In a recent special meeting, iCoreConnect Inc. (NASDAQ:ICCT), a provider of prepackaged software services, received shareholder approval for several significant proposals. The meeting, which took place on Thursday, followed an adjournment from its original convening on Monday.

The approved items are crucial for the company to comply with Listing Rule 5635(d). The first proposal that passed allows the issuance of up to 11,203,700 shares of the company’s common stock upon exercising certain warrants issued in a private placement on July 31, 2024. This proposal received 5,191,333 votes in favor, with 57,552 against and 785 abstentions.
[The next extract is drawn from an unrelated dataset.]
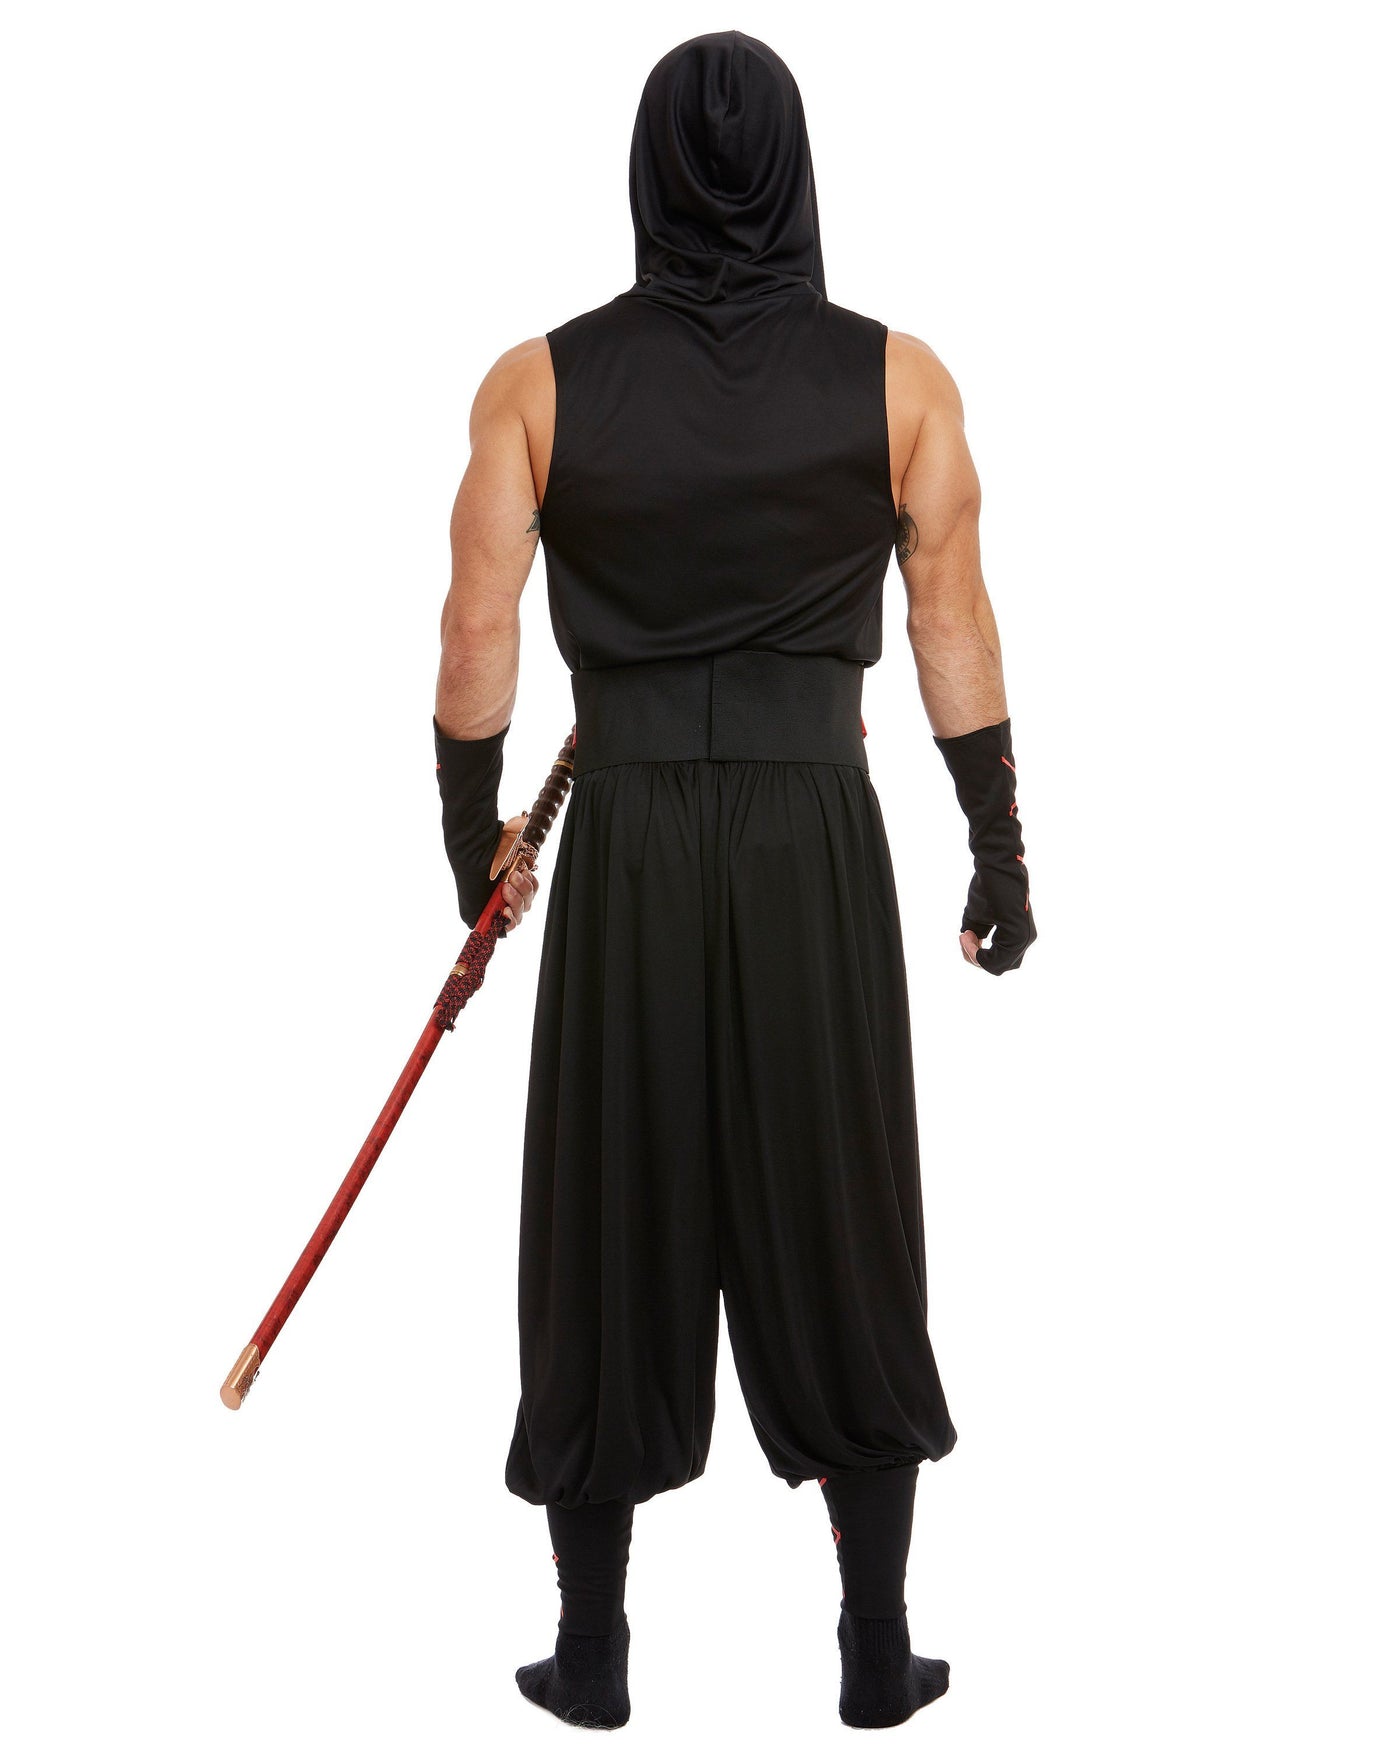 Men's Stealth Ninja Costume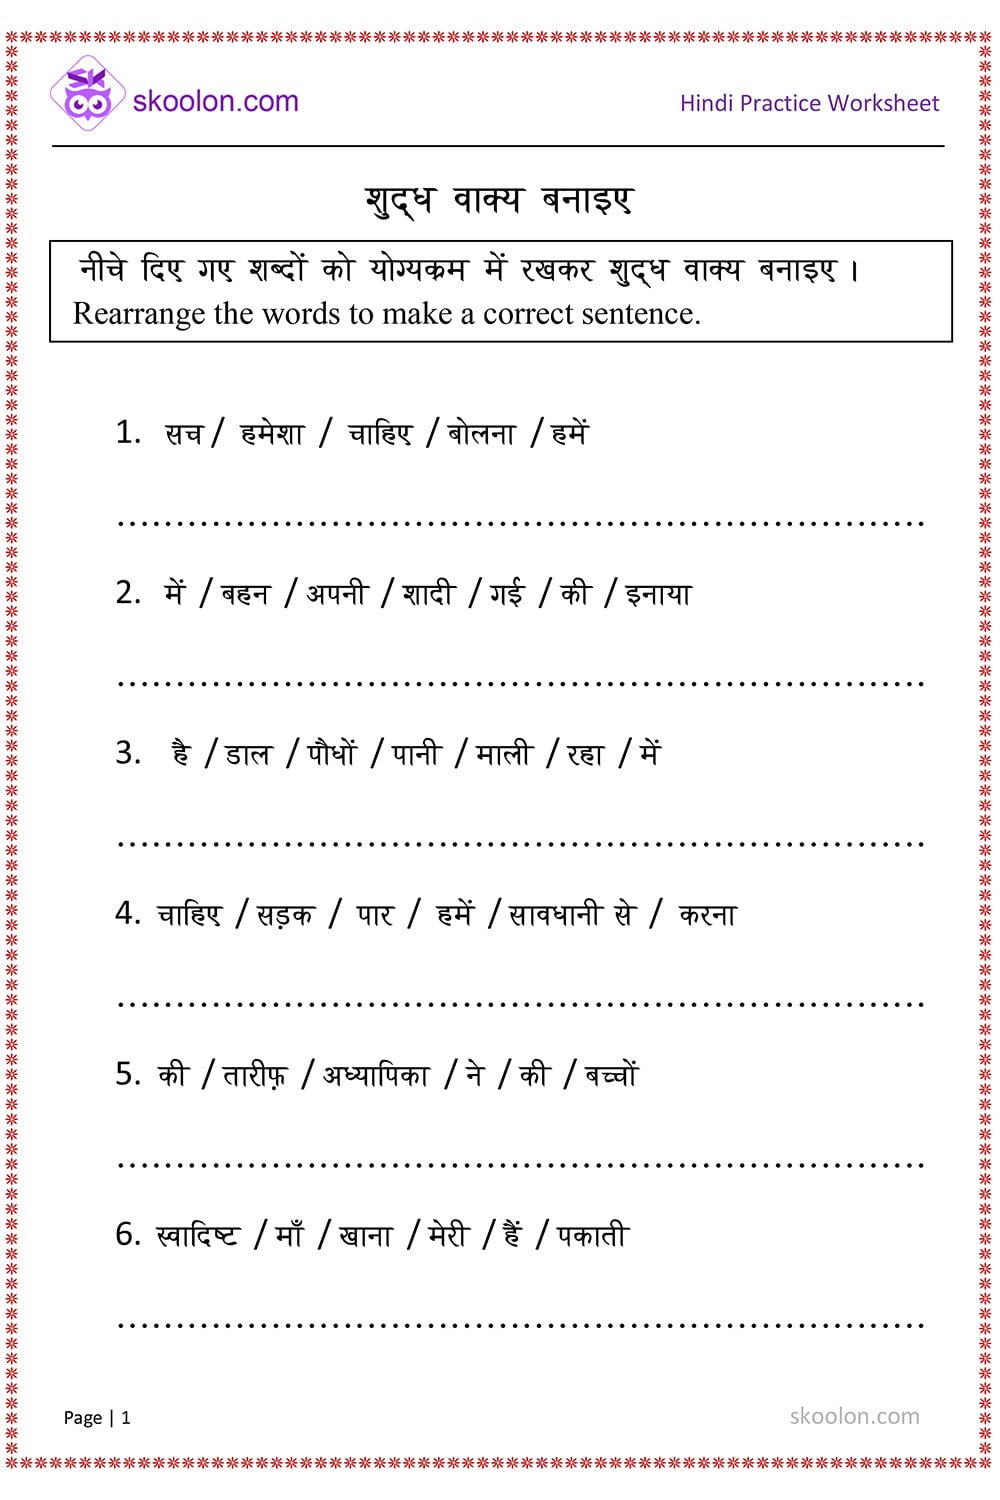 make-sentences-in-hindi-archives-skoolon

The second proposal, which also passed, approves the issuance of shares of common stock upon conversion of an amended convertible note dated August 13, 2024. The vote count for this proposal stood at 5,150,392 for, 98,473 against, and 805 abstentions.

Further, shareholders gave the green light for the issuance of shares pursuant to the Strata Purchase Agreement dated August 16, 2024, with Clearthink Capital Partners, LLC, with 5,156,739 votes for, 92,146 against, and 785 abstentions.

Additionally, the issuance of shares upon conversion of convertible notes issued on August 1, 2024, related to the exchange and/or extension of certain outstanding company debts, was approved with 5,156,726 votes for, 92,123 against, and 821 abstentions.

A fifth proposal, which would allow for an adjournment of the Special Meeting to solicit additional proxies if necessary, was also approved with 5,210,076 votes for, 38,836 against, and 758 abstentions.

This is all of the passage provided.